• [Task instructions]
Line by line, restate the material word for word, omitting any image.

• [Recorded information]
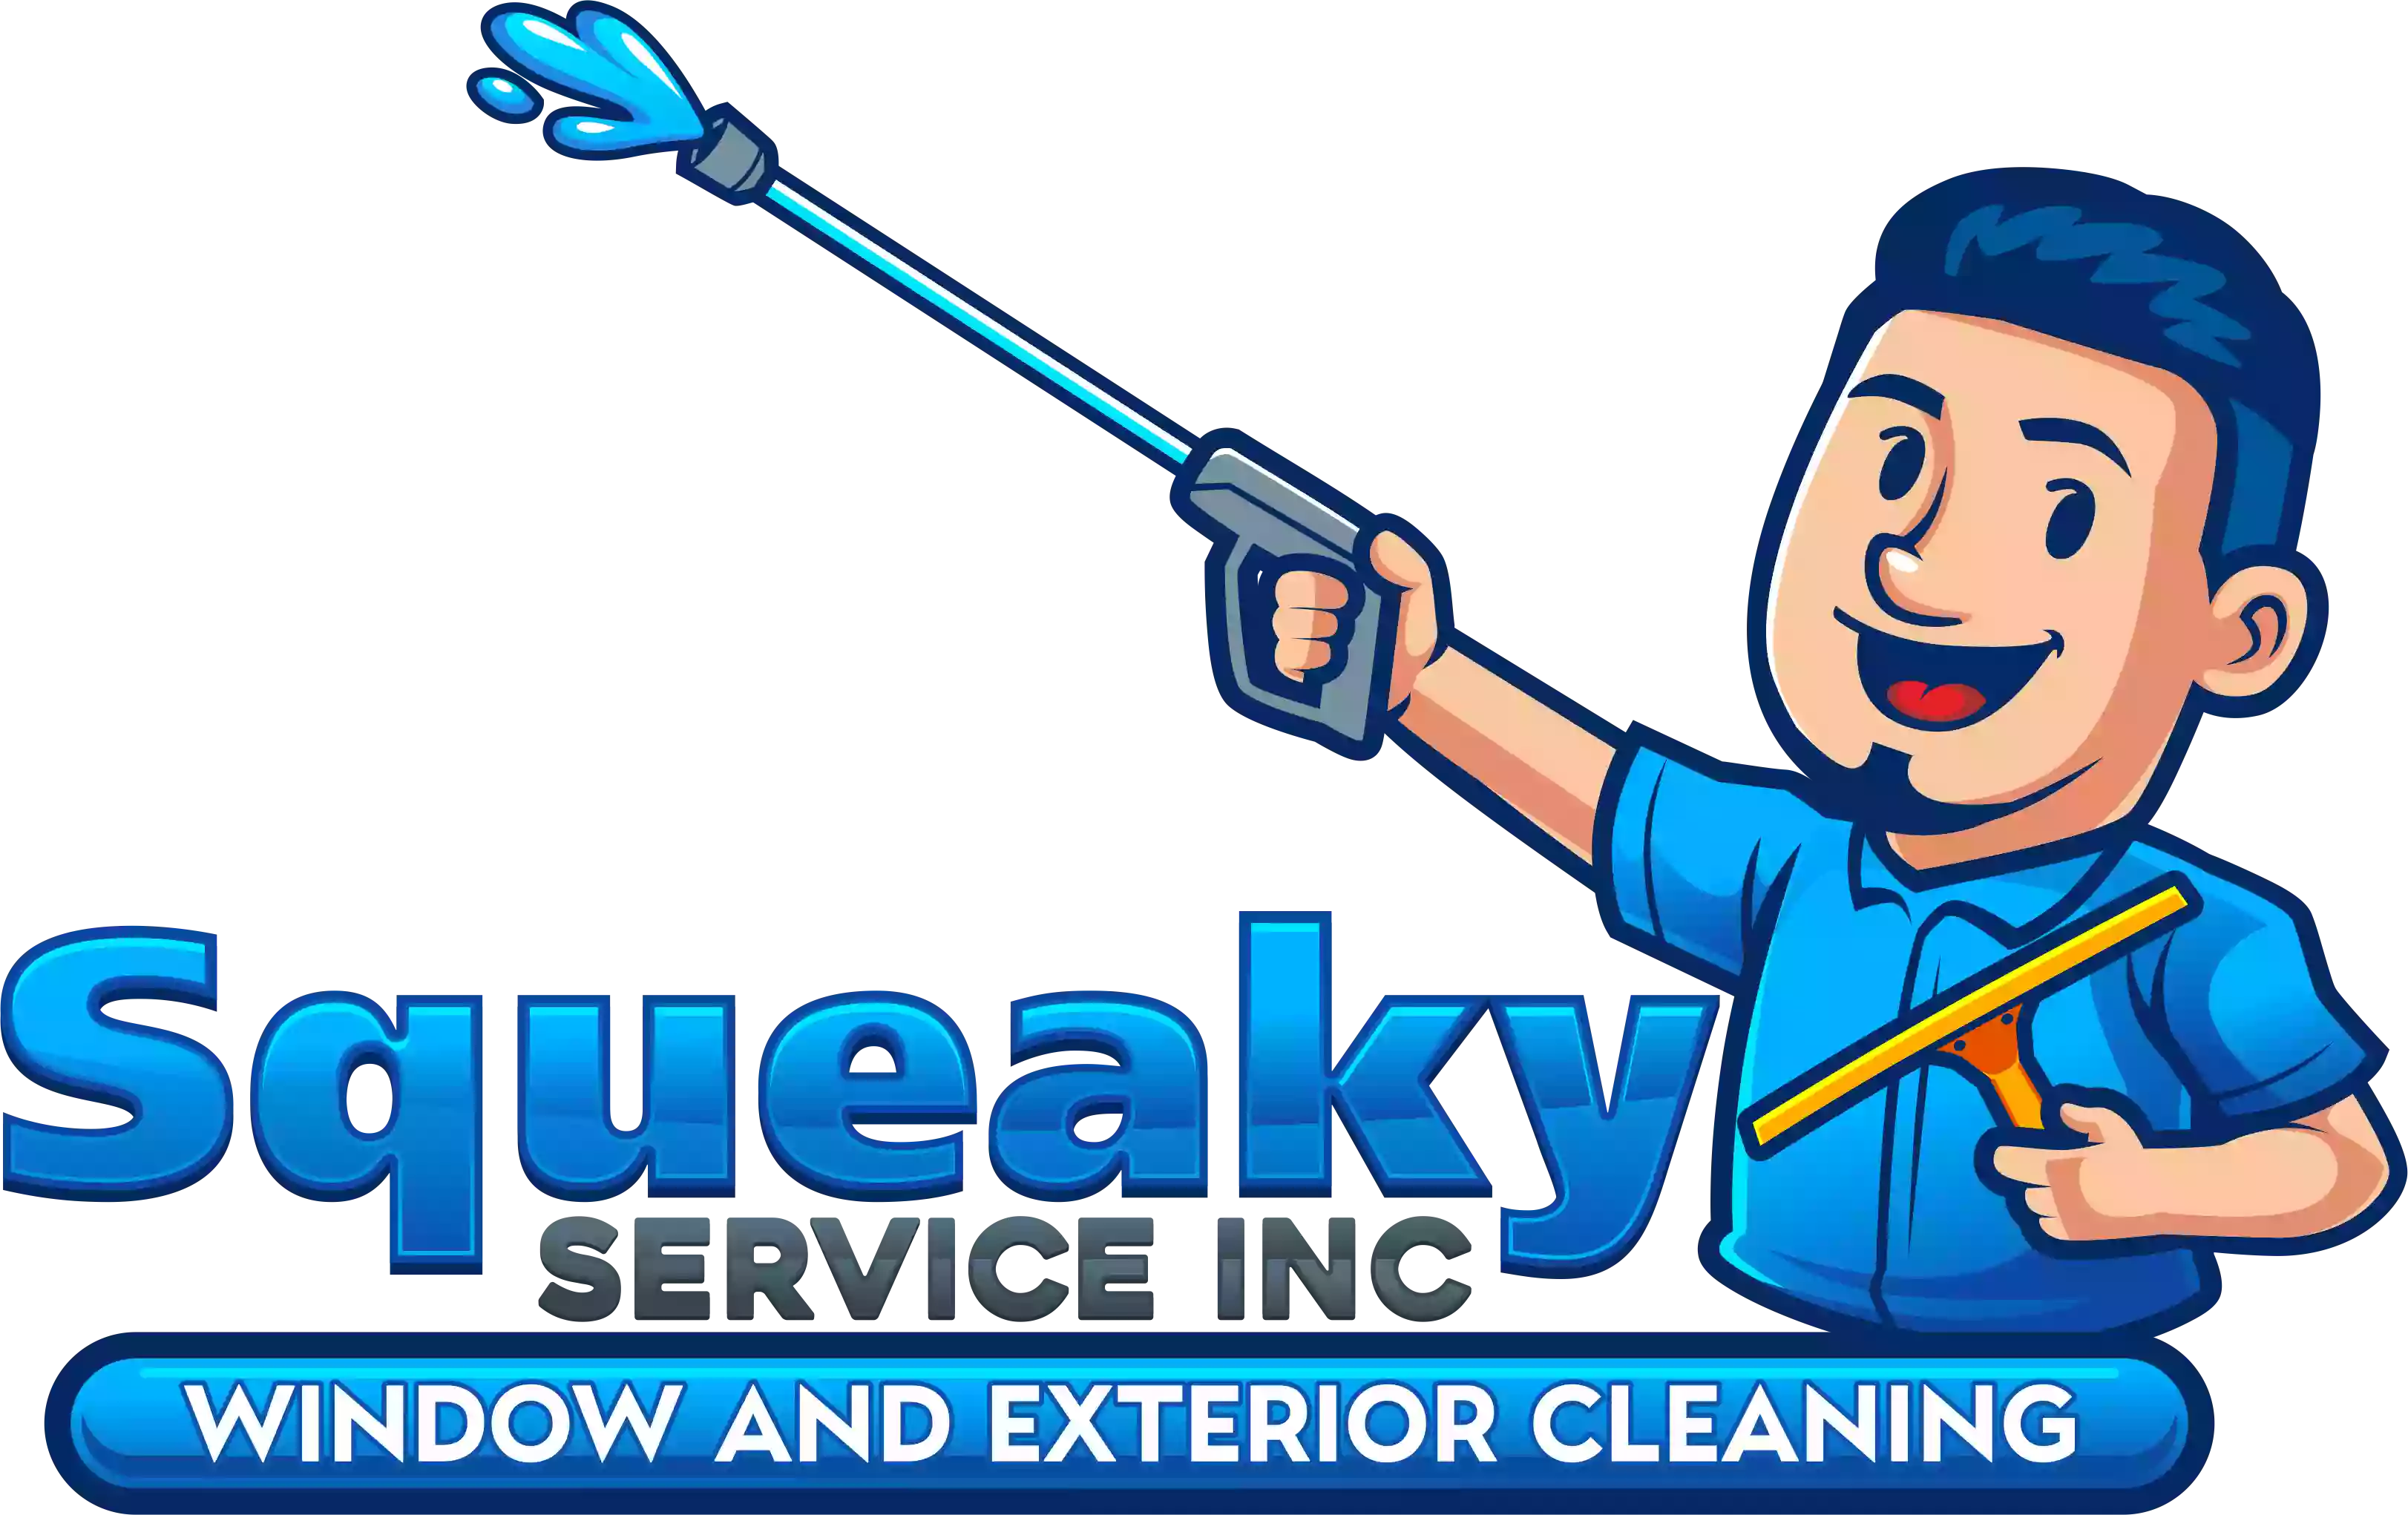 Squeaky Service
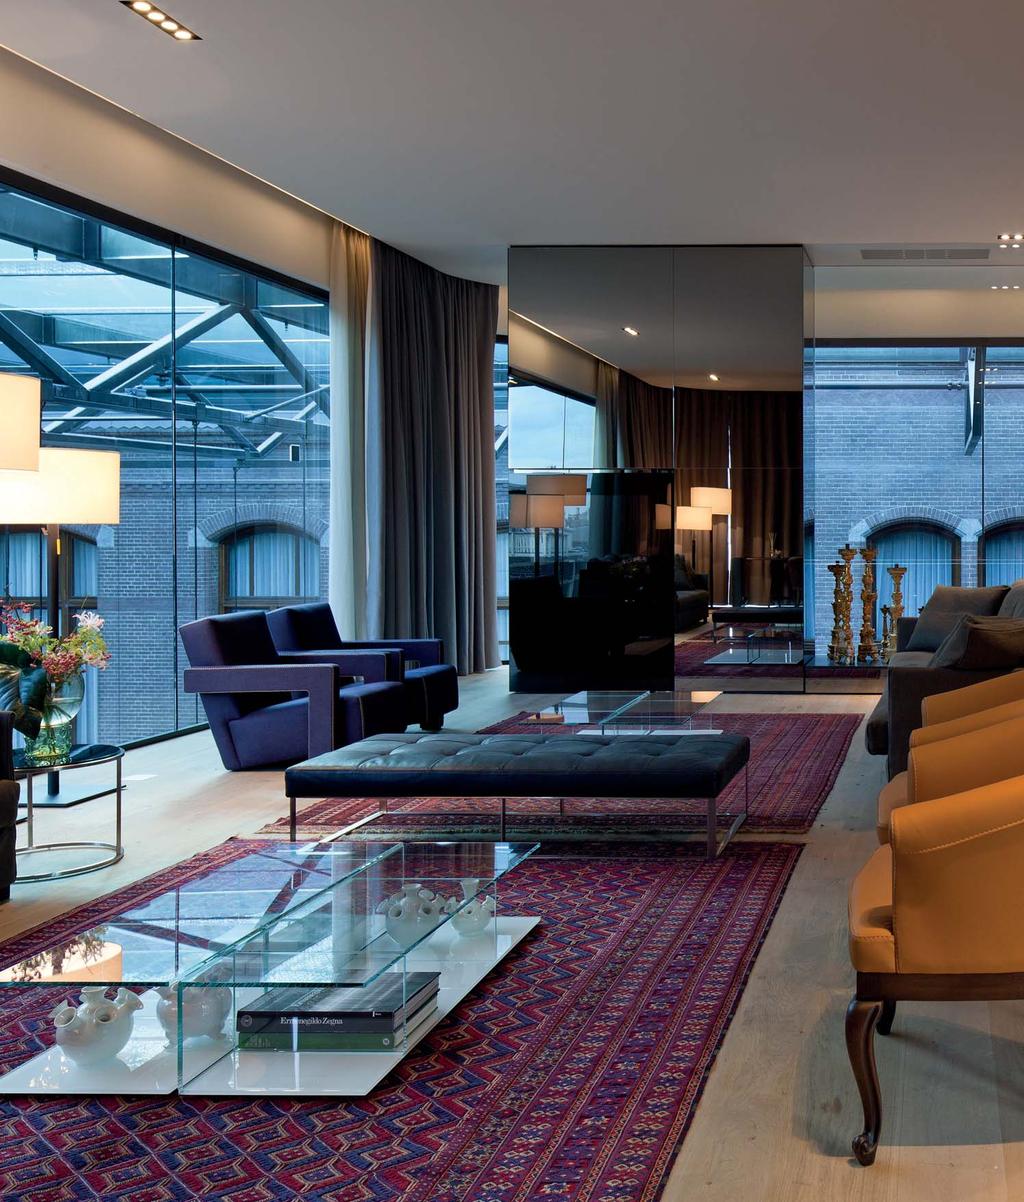 Penthouse Suite signature suites Constructed almost entirely out of glass, the 170 sqm (1830 sqft) Penthouse Suite is an extravagant, elegant space nestled in the hotel overlooking the Conservatorium
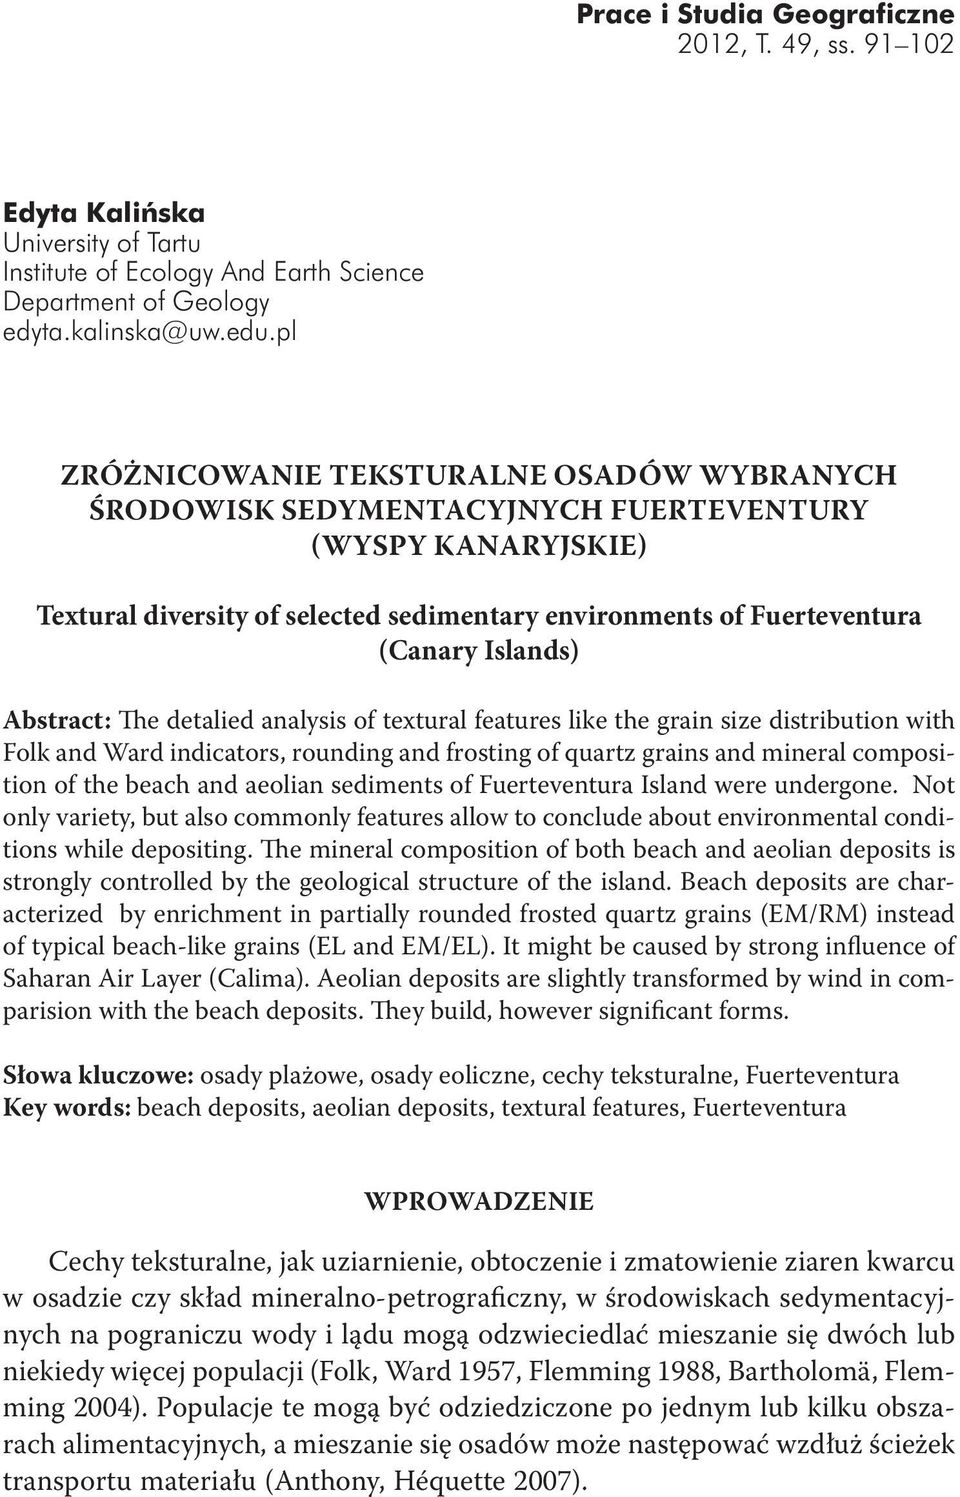 Abstract: The detalied analysis of textural features like the grain size distribution with Folk and Ward indicators, rounding and frosting of quartz grains and mineral composition of the beach and

• [Task solution]
 Squeaky Service
 Penthouse Suite signature suites Constructed almost entirely out of glass, the 170 sqm (1830 sqft) Penthouse Suite is an extravagant, elegant space nestled in the hotel overlooking the Conservatorium
 Abstract: The detalied analysis of textural features like the grain size distribution with Folk and Ward indicators, rounding and frosting of quartz grains and mineral composition of the beach and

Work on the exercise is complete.